Clock Seconds Error Overflowed?
----- ------- ----- -----------
25 0.0977 6
51 0.1992 2 Yes
76 0.2969 8
102 0.3984 4 Yes
There is almost always an error (the clock is precisely correct only when the error value is zero), but the error is bounded by a small constant. There is no cumulative error in the clock value.
A hardware-only solution is to arrange for the hardware clock ticks to run very slightly fast - precisely fast enough to compensate for cumulative losses caused by the rounding-down of the repeatedly added tick-duration value. That is, adjust the hardware clock tick speed so that the fixed-point tick-duration value is precisely correct.
This only works if there is only one fixed-point format used for the clock.
Why not have 0.1 sec counter and every ten times increment your seconds counter, and wrap the 0.1 counter back to 0?
In this particular instance, I would have simply kept the time count in tenths of a seconds (or milliseconds, or whatever time scale is appropriate for the application). I do this all the time in small systems or control systems.
So a time value of 100 hours would be stored as 3_600_000 ticks - zero error (other than error that might be introduced by hardware).

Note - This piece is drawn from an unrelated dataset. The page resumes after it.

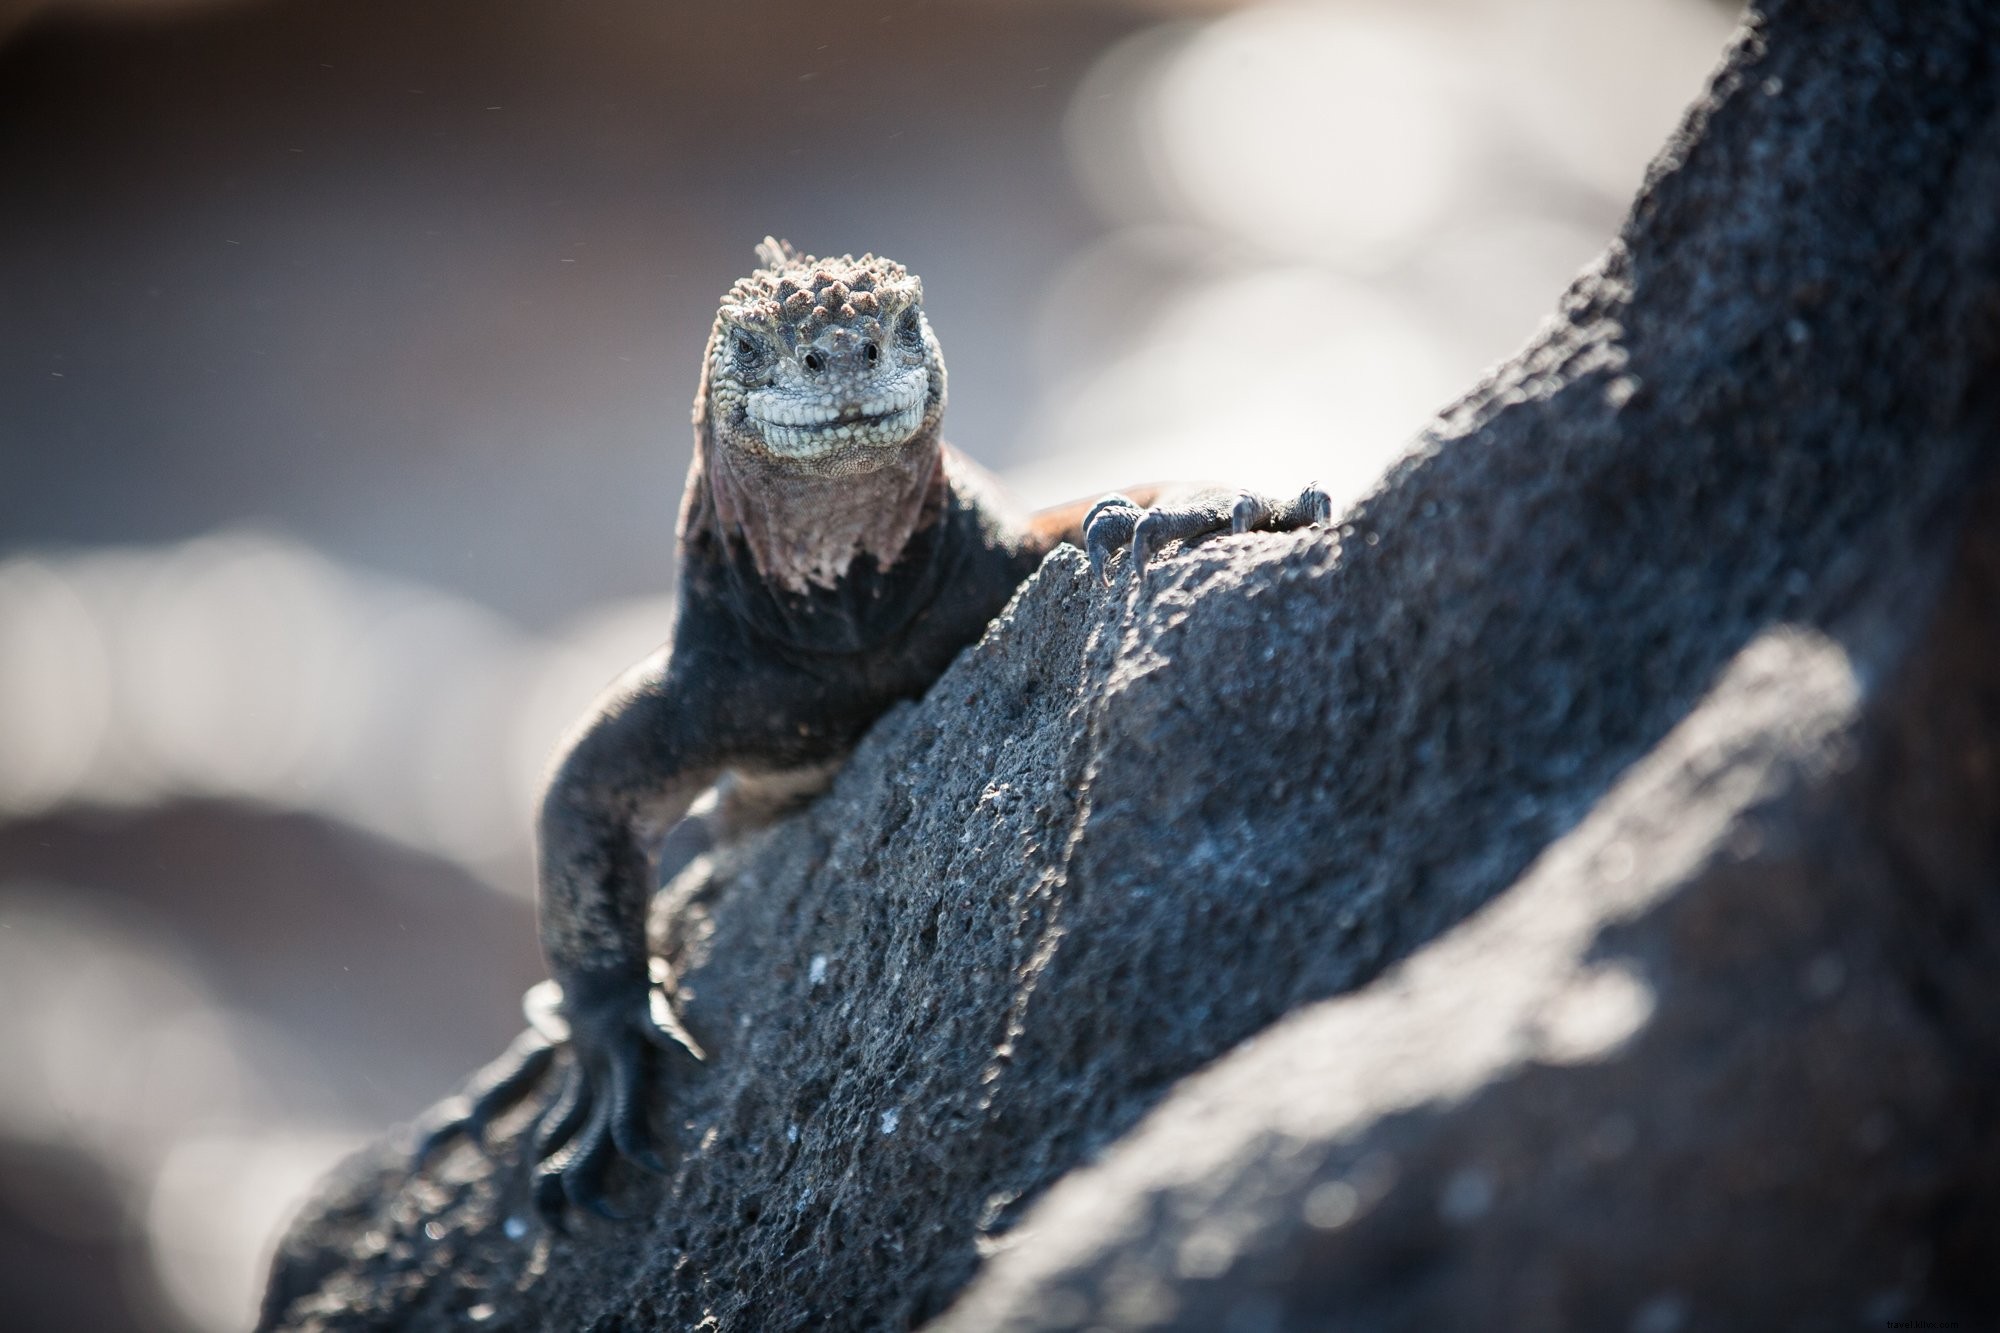 Reptile sourire sur Rock Photo

The problems that are introduced by this simple technique are:
you need to account for the larger numbers. For example, you may have to use a 64-bit counter rather than a 32-bit counter
all your calculations need to be aware of the units used - this is the area that is most likely going to cause problems. I try to help with this problem by using time counters with a uniform unit. For example, this particular counter needs only 10 ticks per second, but another counter might need millisecond precision. In that case, I'd consider making both counters millisecond precision so they use the same units even though one doesn't really need that precision.

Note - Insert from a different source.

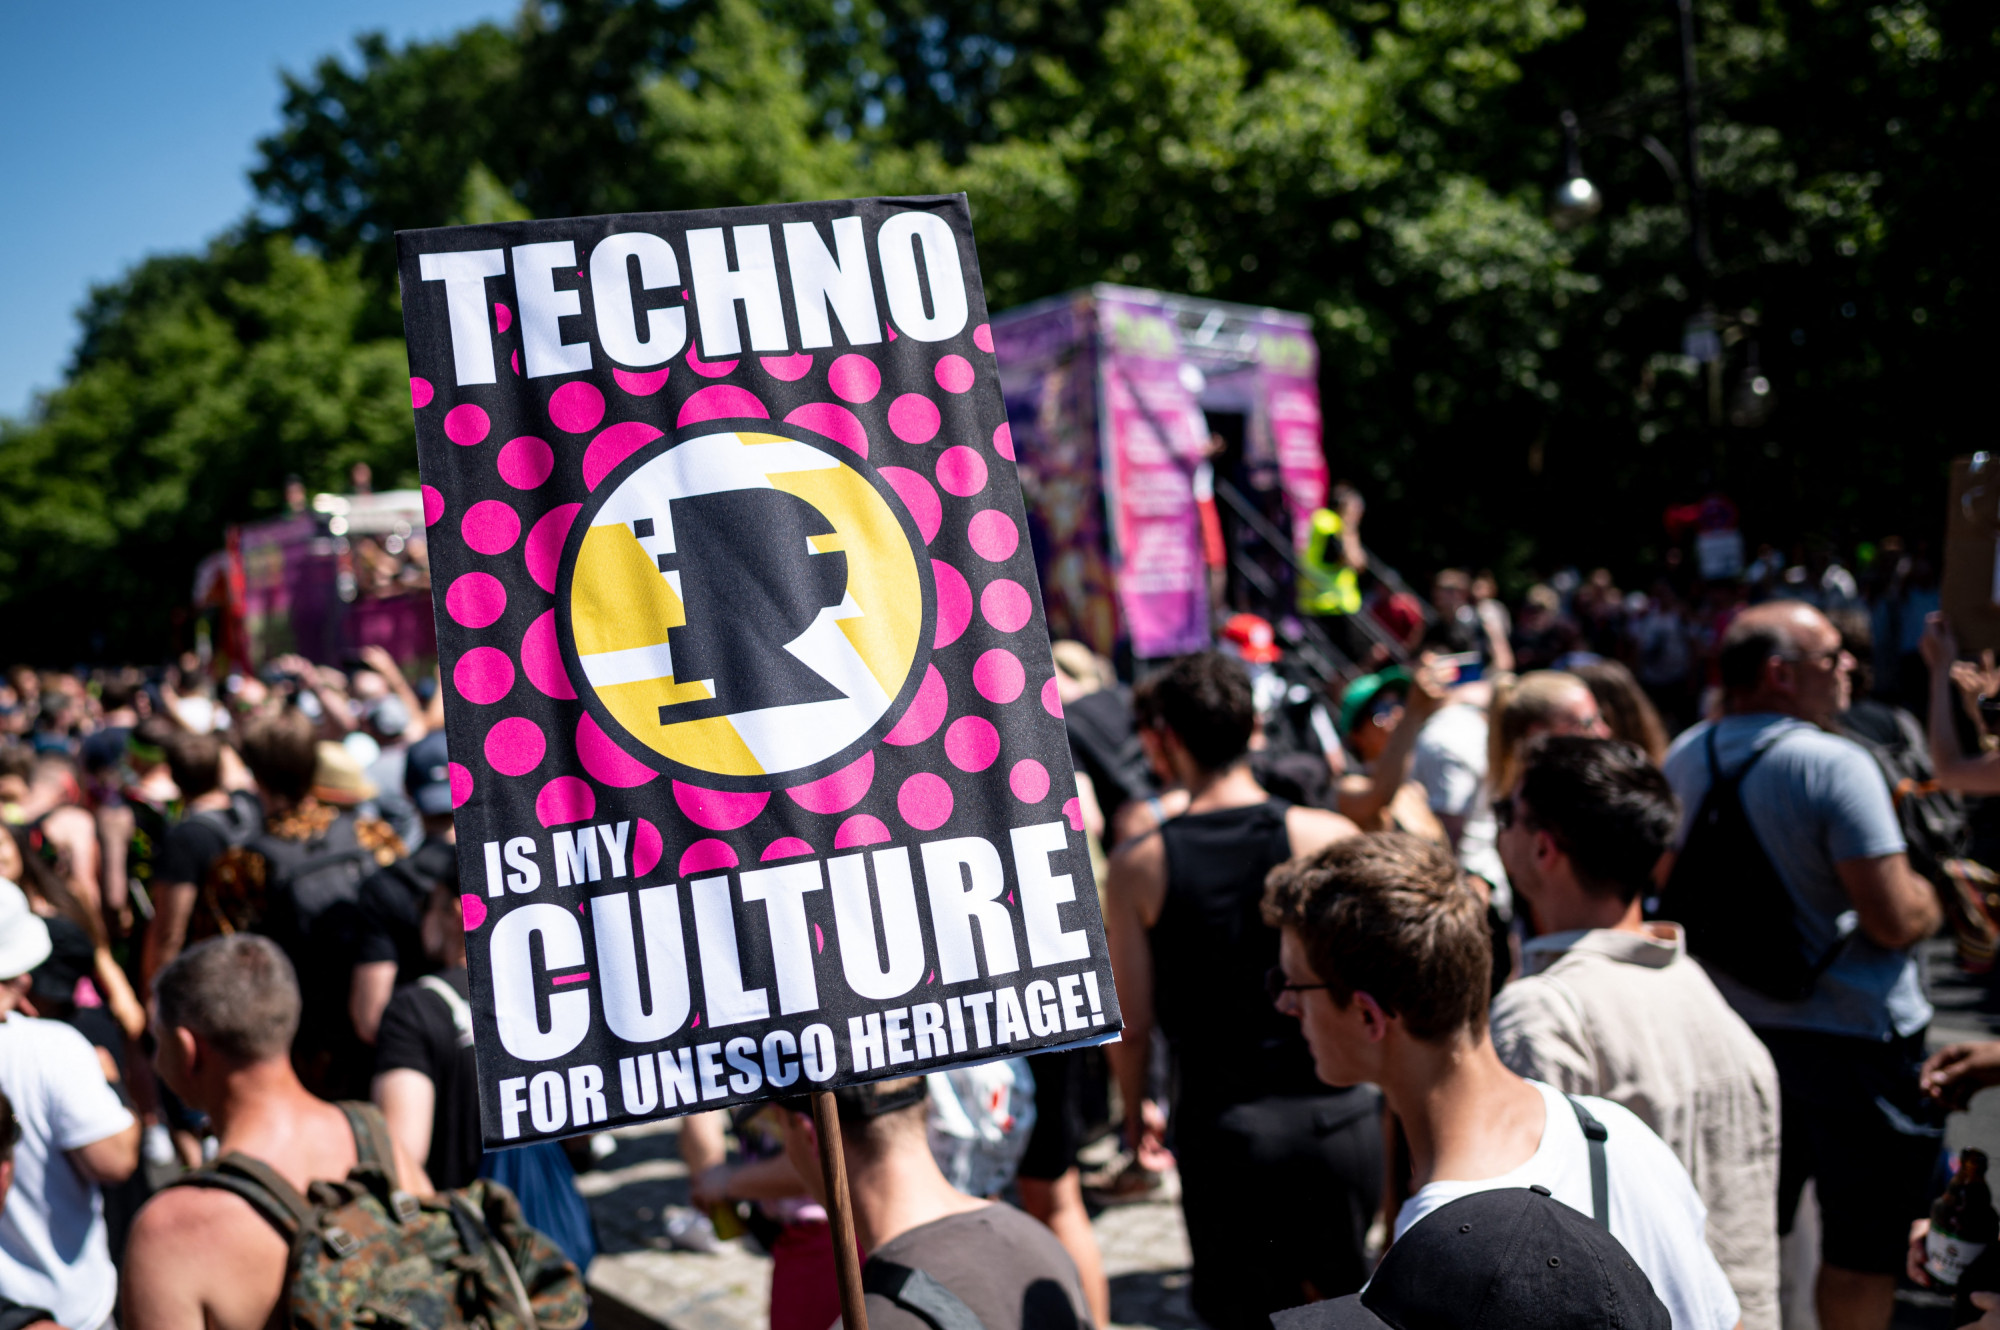 Kulturális örökség lett a berlini techno

I've also had to play some other tricks this with timers that aren't 'regular'. For example, I worked on a device that required a data acquisition to occur 300 times a second. The hardware timer fired once a millisecond. There's no way to scale the millisecond timer to get exactly 1/300th of a second units. So We had to have logic that would perform the data acquisition on every 3, 3, and 4 ticks to keep the acquisition from drifting.

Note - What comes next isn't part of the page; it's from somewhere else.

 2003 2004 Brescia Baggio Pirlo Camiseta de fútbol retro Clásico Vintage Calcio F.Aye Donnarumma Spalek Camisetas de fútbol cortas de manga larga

If you need to deal with hardware time error, then you need more than one time source and use them together to keep the overall time in sync. Depending on your needs this can be simple or pretty complex.
Something I've seen implemented in the past: the increment value can't be expressed precisely in the fixed-point format, but it can be expressed as a fraction. (This is similar to the "keep track of an error value" solution.)
Actually in this case the problem was slightly different, but conceptually similar—the problem wasn't a fixed-point representation as such, but deriving a timer from a clock source that wasn't a perfect multiple. We had a hardware clock that ticks at 32,768 Hz (common for a watch crystal based low-power timer). We wanted a millisecond timer from it.
The millisecond timer should increment every 32.768 hardware ticks. The first approximation is to increment every 33 hardware ticks, for a nominal 0.7% error. But, noting that 0.768 is 768/1000, or 96/125, you can do this:
Keep a variable for "fractional" value. Start it on 0.
wait for the hardware timer to count 32.
While true:
increment the millisecond timer.
Add 96 to the "fractional" value.
If the "fractional" value is >= 125, subtract 125 from it and wait for the hardware timer to count 33.
Otherwise (the "fractional" value is < 125), wait for the hardware timer to count 32.
There will be some short term "jitter" on the millisecond counter (32 vs 33 hardware ticks) but the long-term average will be 32.768 hardware ticks.